I'm trying to describe how the graph is related to the parent function.
The parent function is x^3
and the problem is:
y=-(0.8x)^3
I know its a reflection over the x-axis, but what is the formula for how much it expands or shrinks?
Like on another problem it's
y=|x|
and y= |0.2x|
The answer is that it expands by 5, but I'm not exactly sure how to get it.
Thanks.
-(0.8x)^3 is stretching in the x-axis by a factor of (1/0.8) and as you noted, a reflection about the x-axis.
When ever the function f(x) is mapped to another by f(kx), it is stretching or contracting by a factor of (1/k). (1/k)>1 is a stretching, and (1/k)<1 is contracting.
The stretching factor (1/k) applies to the x-direction only.
To describe how the graph is related to the parent function y = x^3, we need to analyze the given function y = -(0.8x)^3.
First, let's consider the effect of the coefficient 0.8 on the x-values. The absolute value of this coefficient determines how the graph is horizontally expanded or compressed.
In this case, 0.8 is less than 1, indicating that the graph is horizontally compressed relative to the parent function y = x^3. To find the amount of compression, you can take the reciprocal of the coefficient, which gives you 1/0.8 = 1.25.
This means that the graph is horizontally compressed by a factor of 1.25, or it is squeezed towards the y-axis. In comparison to the parent function, the graph appears narrower.
Now, let's consider the negative sign in front of the function. It indicates that the graph is reflected over the x-axis. So, the entire graph is flipped upside down.
Combining the two transformations, the given function y = -(0.8x)^3 is a vertically flipped and horizontally compressed version of the parent function y = x^3.
Regarding your example with y = |x| and y = |0.2x|, to determine the expansion or shrinkage factor, you compare the absolute values of the coefficients.
In this case, the coefficient of the function y = |0.2x| is 0.2, which is smaller than 1. To find the amount of shrinkage, you can take the reciprocal of the coefficient, which gives you 1/0.2 = 5.
This indicates that the graph y = |0.2x| is horizontally expanded by a factor of 5 relative to the graph y = |x|. In other words, it appears five times wider than the original graph.
I hope this helps! Let me know if you have any further questions.
To describe how the graph of a function is related to its parent function, you need to analyze how changes to the equation affect the shape and position of the graph. Let's break down the given examples:
1. Parent function: y = x^3. The graph of the parent function is a cubic curve.
2. Given equation: y = -(0.8x)^3. Here, we have a similar cubic function as the parent function, but with an additional reflection and scaling.
To understand the effect of the reflection over the x-axis, note that the negative sign in front of (0.8x)^3 reflects the graph vertically. A positive sign would produce the same graph as the parent function, while a negative sign reflects it over the x-axis.
Regarding the scaling or expansion/shrinking, it depends on the coefficient in front of x. In this case, it is 0.8.
To determine the scaling factor, you need to compare the coefficients of x in the given equation and the parent function. In the parent function, the coefficient of x is 1, while in the given equation, it is 0.8. The scaling factor can be determined by comparing how many times the coefficient in the parent function needs to be multiplied by to yield the coefficient in the given equation.
In the example y = |x| versus y = |0.2x|, the coefficient in the parent function is 1, while in the given equation, it is 0.2.
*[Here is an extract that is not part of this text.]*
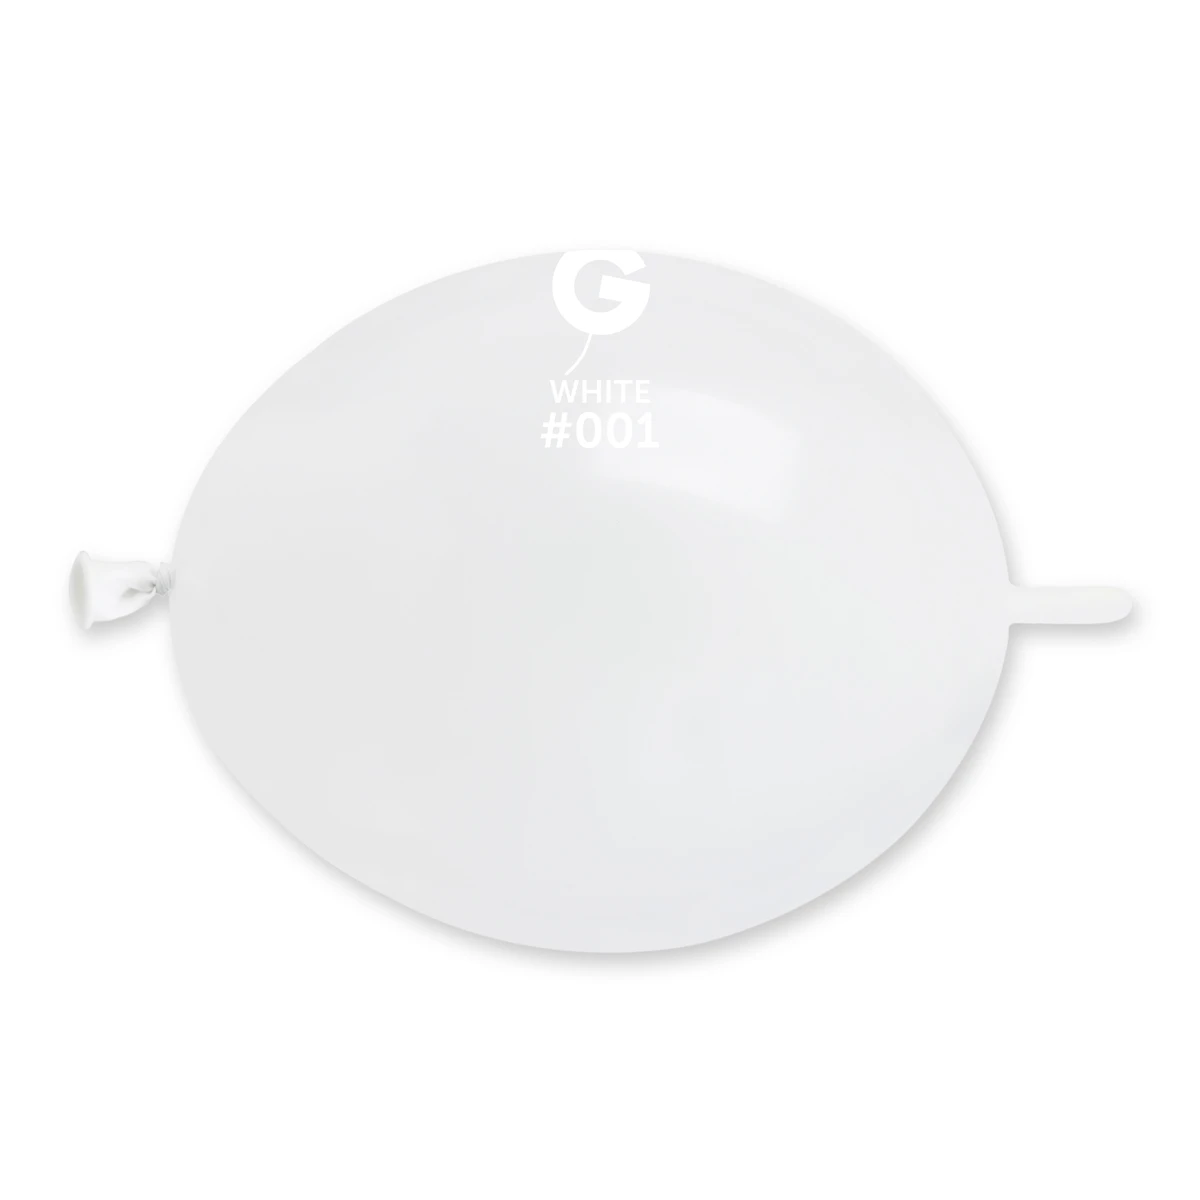 G-6” Link White  balloon #001 100ct

To find the scaling factor, divide the coefficient in the given equation by the coefficient in the parent function:
0.2 / 1 = 0.2
So, y = |0.2x| is obtained by multiplying the parent function's coefficient by 0.2.
In this case, it shrinks the graph by a factor of 0.2. You can also look at scaling as expanding or shrinking by the reciprocal of the scaling factor. In the example, 1 / 0.2 is equal to 5, which means the graph is expanded by a factor of 5.
To summarize, in the given equation y = -(0.8x)^3:
- The graph is reflected over the x-axis due to the negative sign.
- The graph is scaled down or shrunk by a factor of 0.8 compared to the parent function y = x^3.